» WHAT IS NEEDED
Begin at the line that contains "Women at Juba" and reproduce it along with every line after it to the end of the listing; skip any pictures.

» INFORMATION SHOWN
-*-

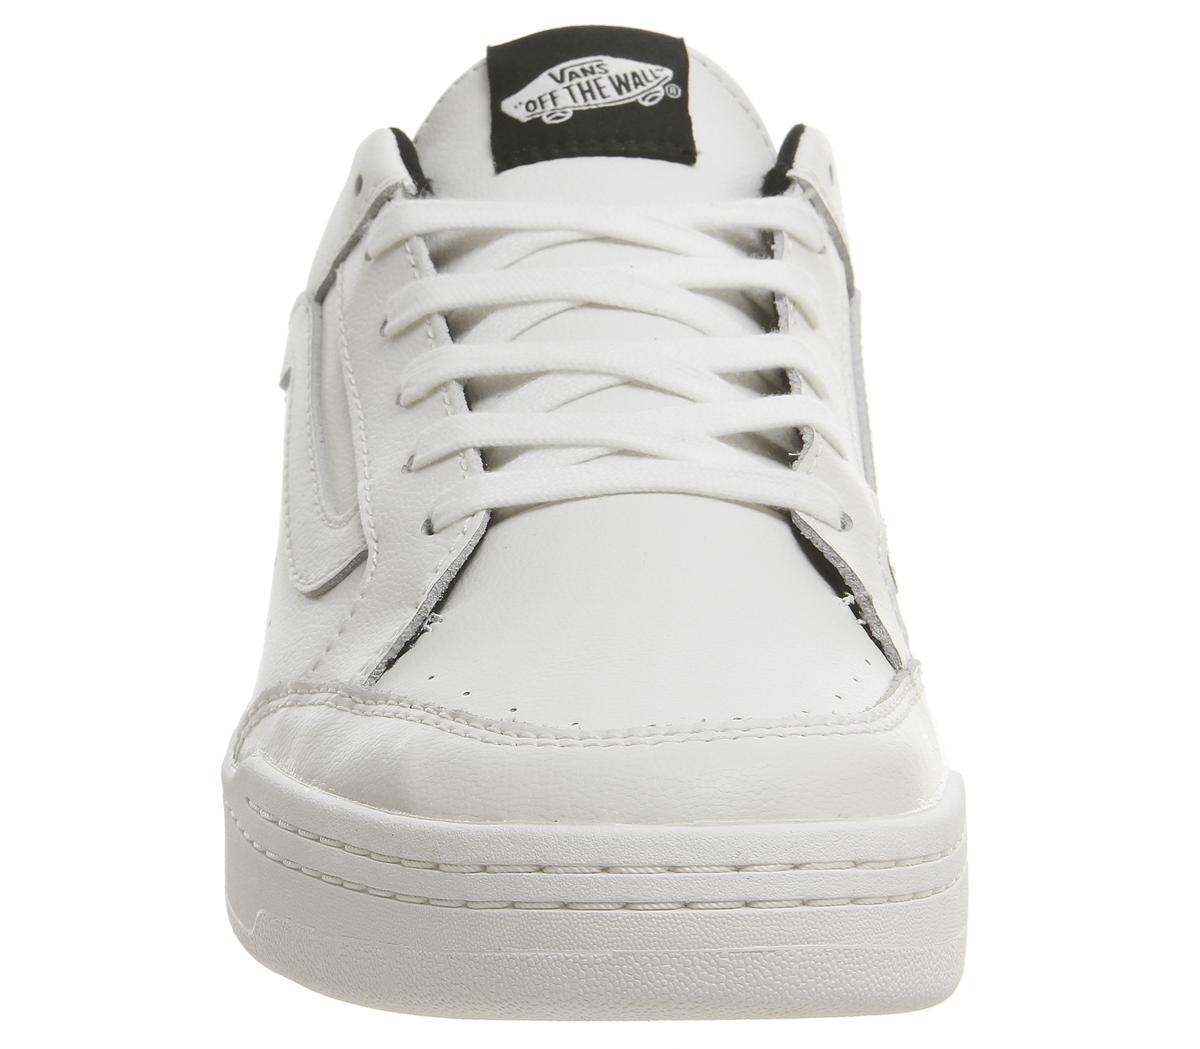 Shoes Black Vans Trainers Blanc Highland IPq0qwF
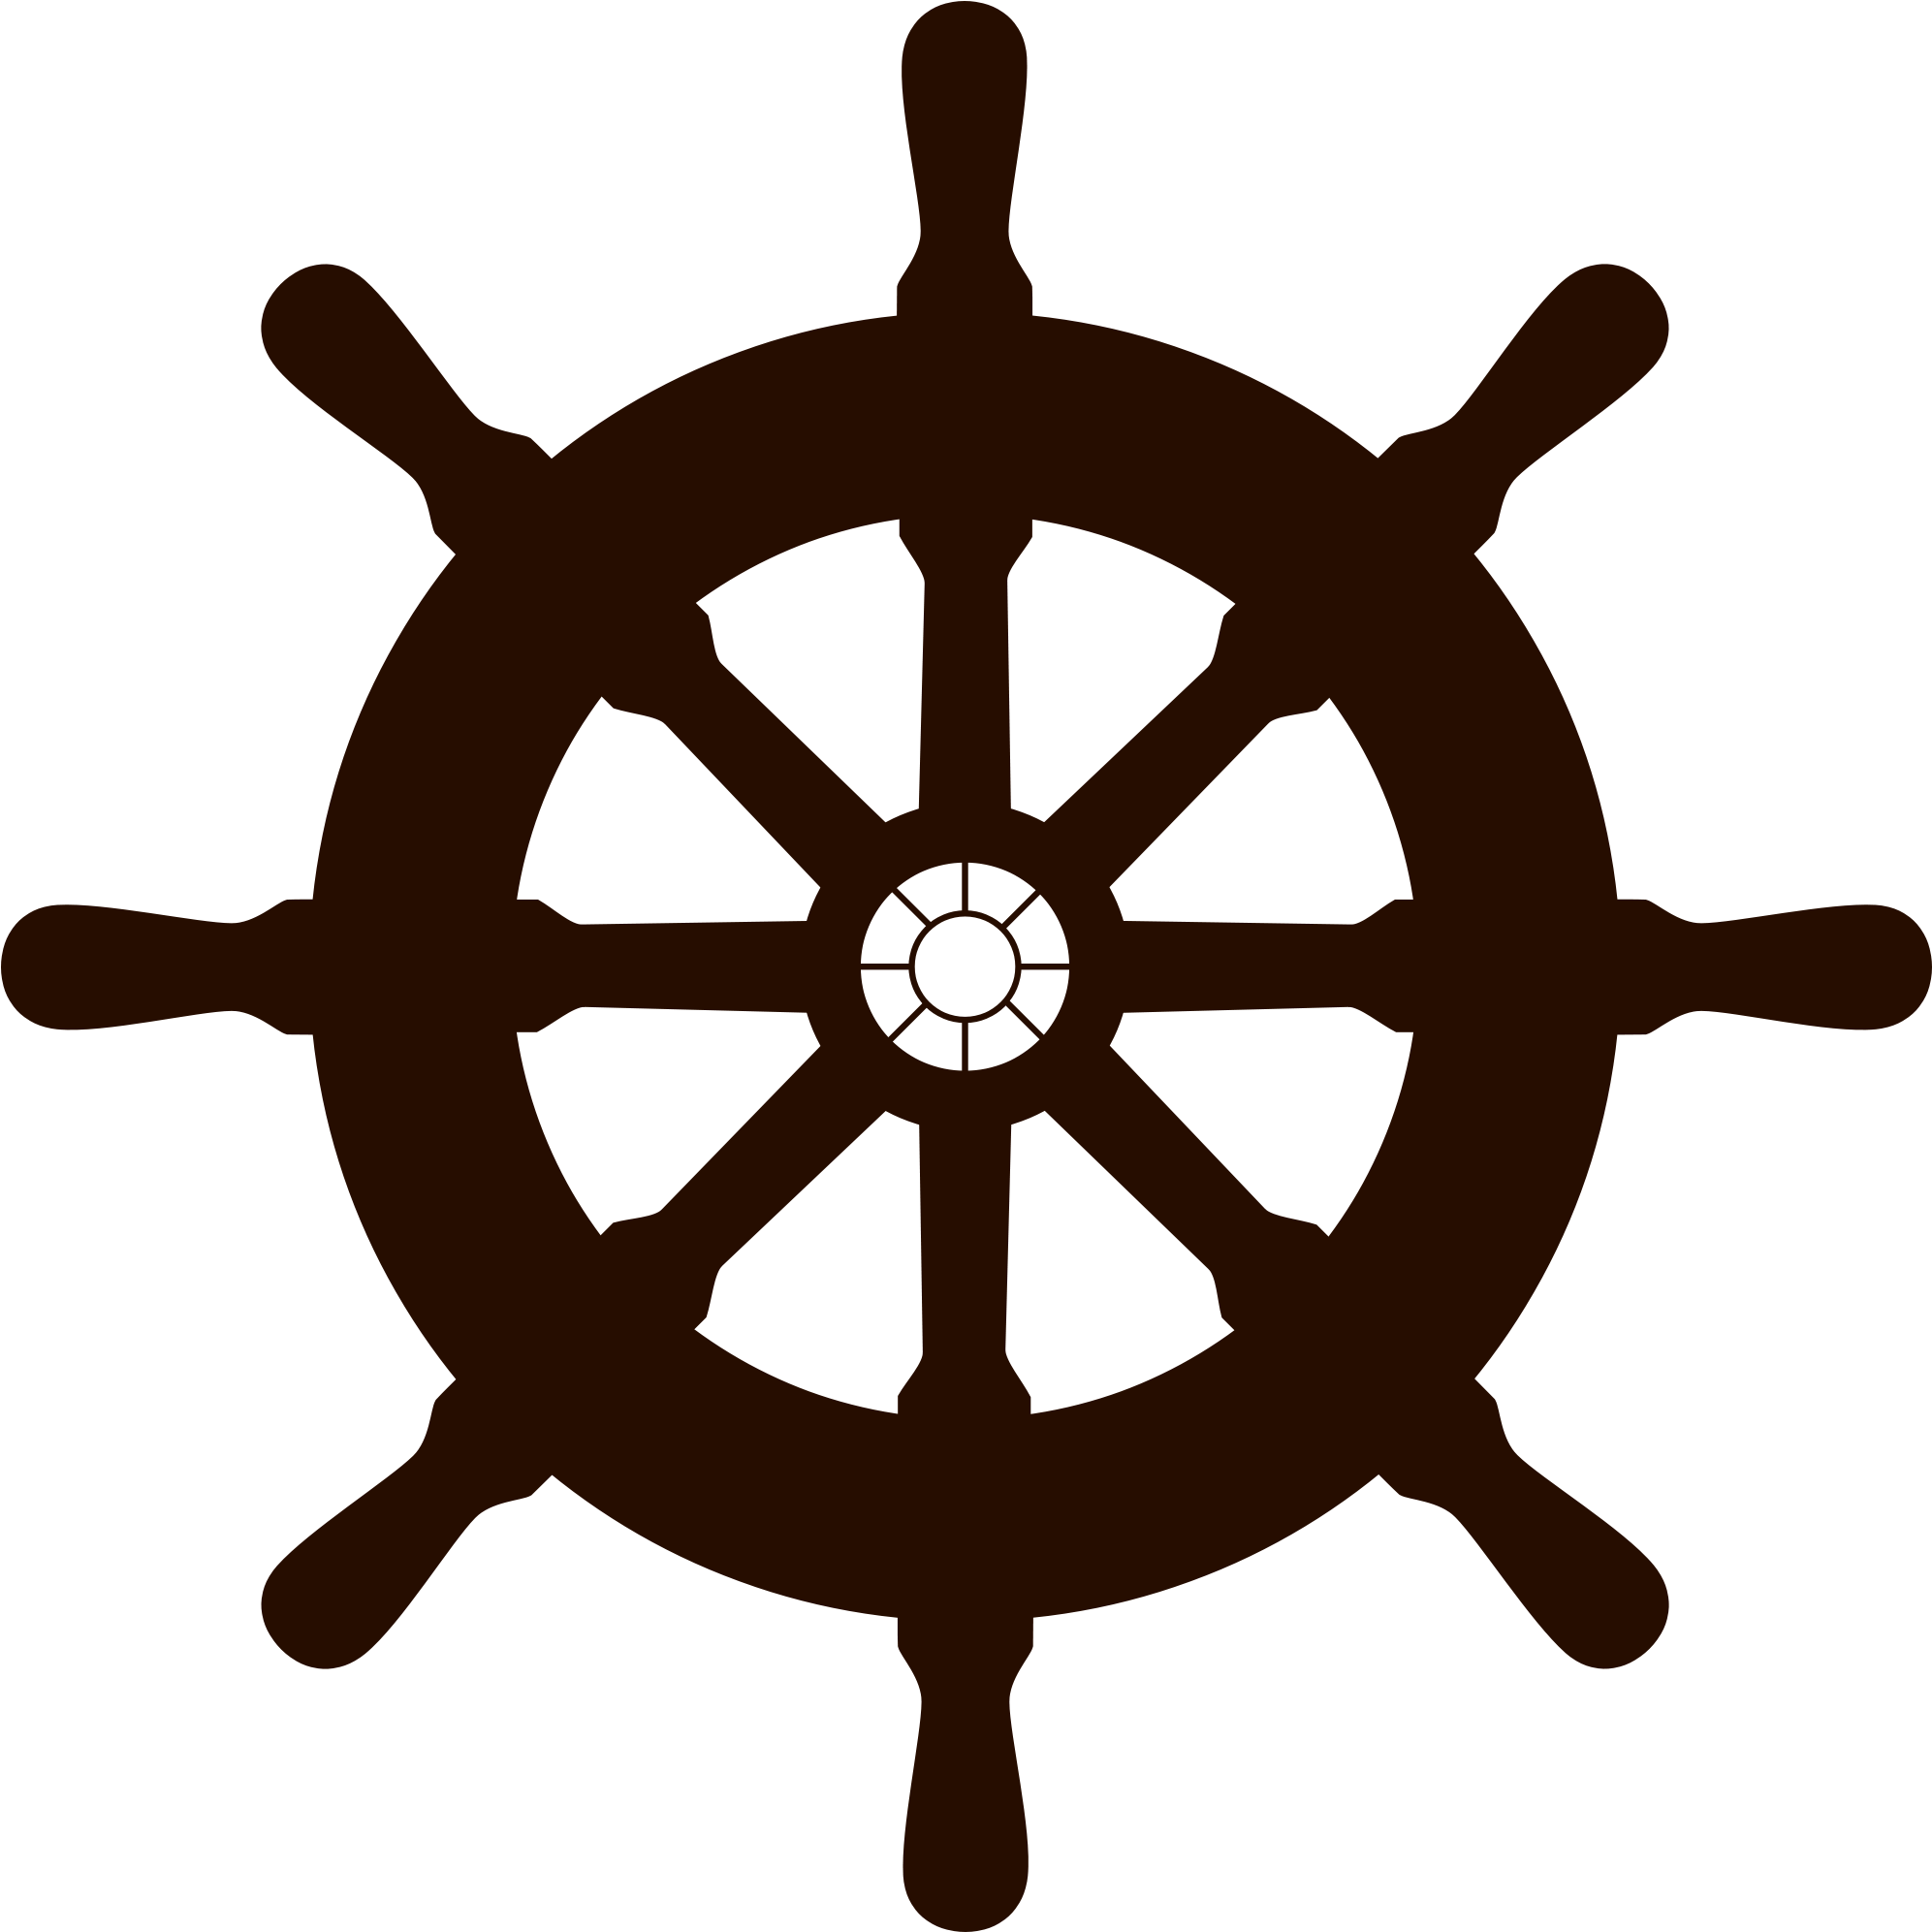 Transparent ship steering wheel clipart - Ship Wheel Png Transparent - Broadway.com Inc
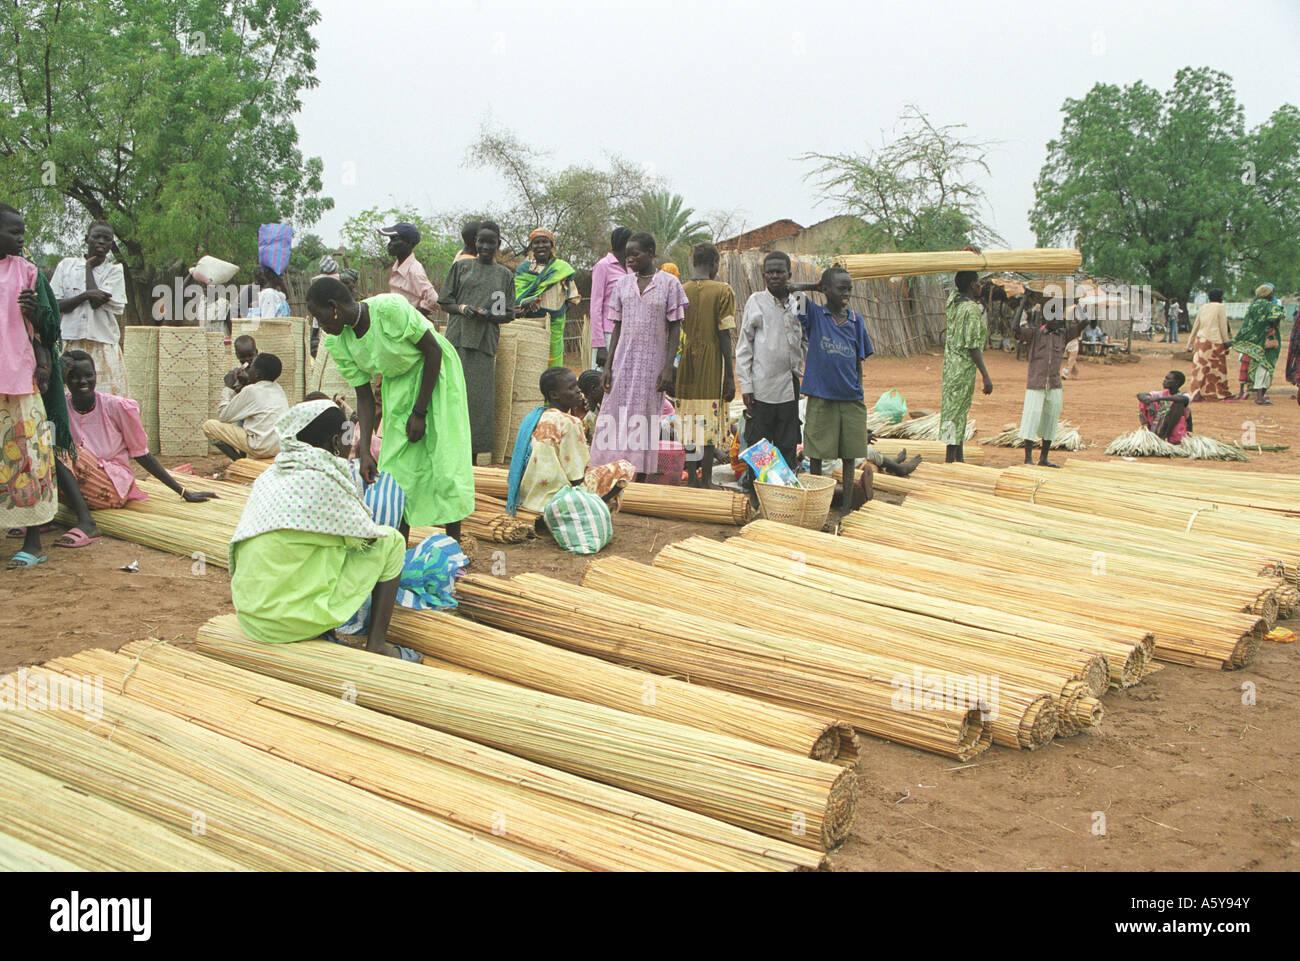 Women at Juba market, South Sudan - Stock Image
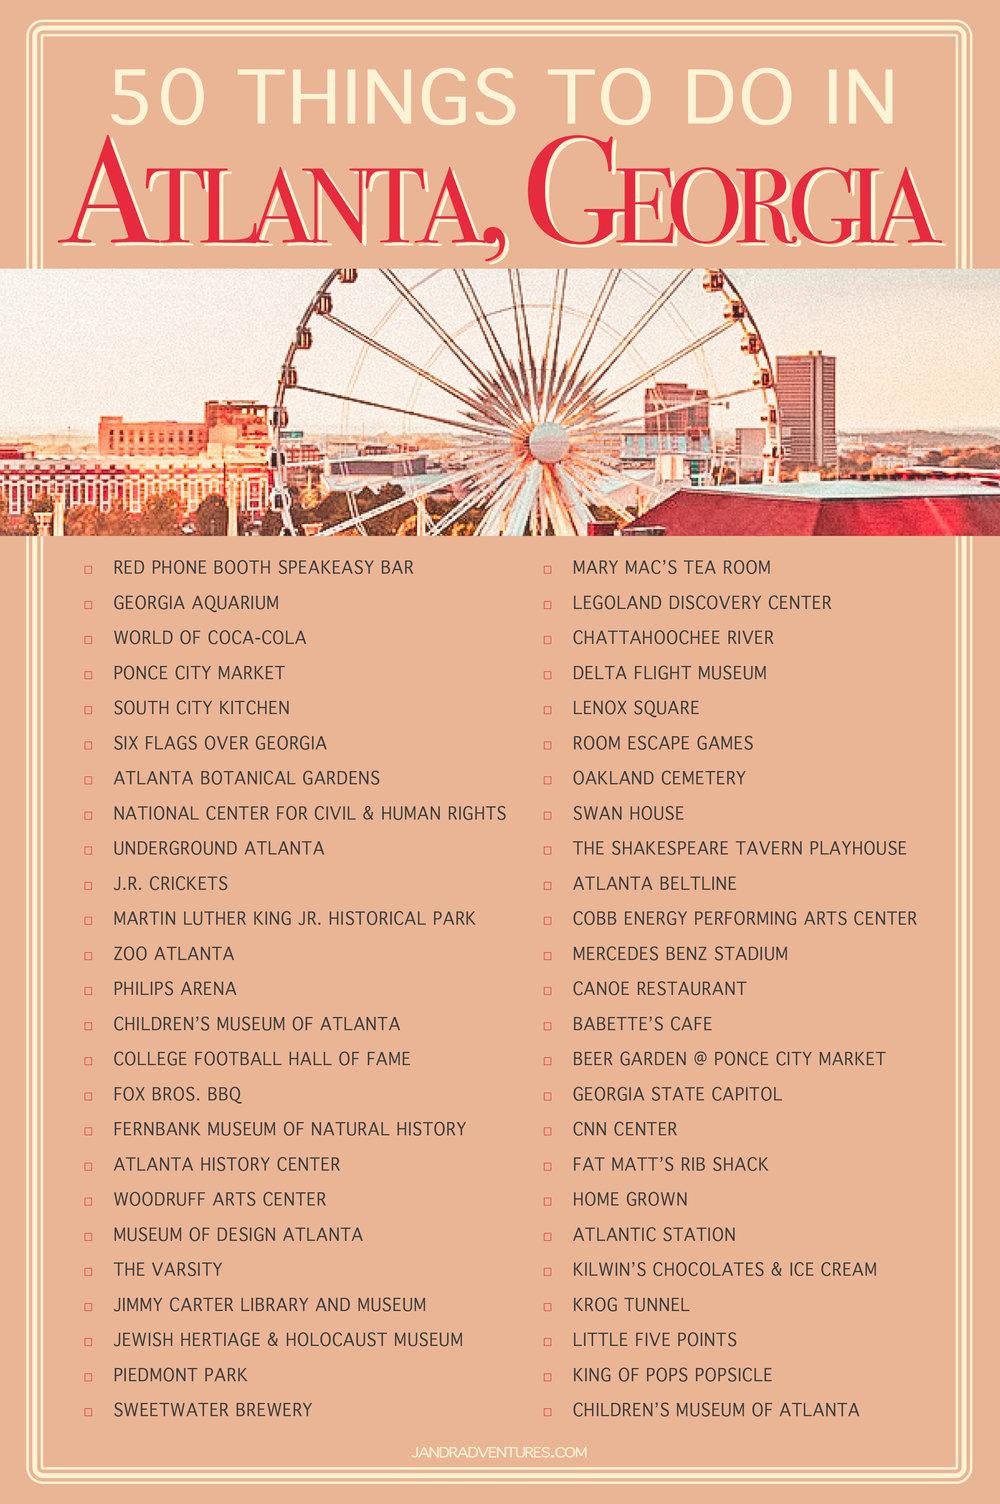 50 Things in Atlanta v2.jpg

-*-

» ANSWER BELOW
 Women at Juba market, South Sudan - Stock Image
 50 Things in Atlanta v2.jpg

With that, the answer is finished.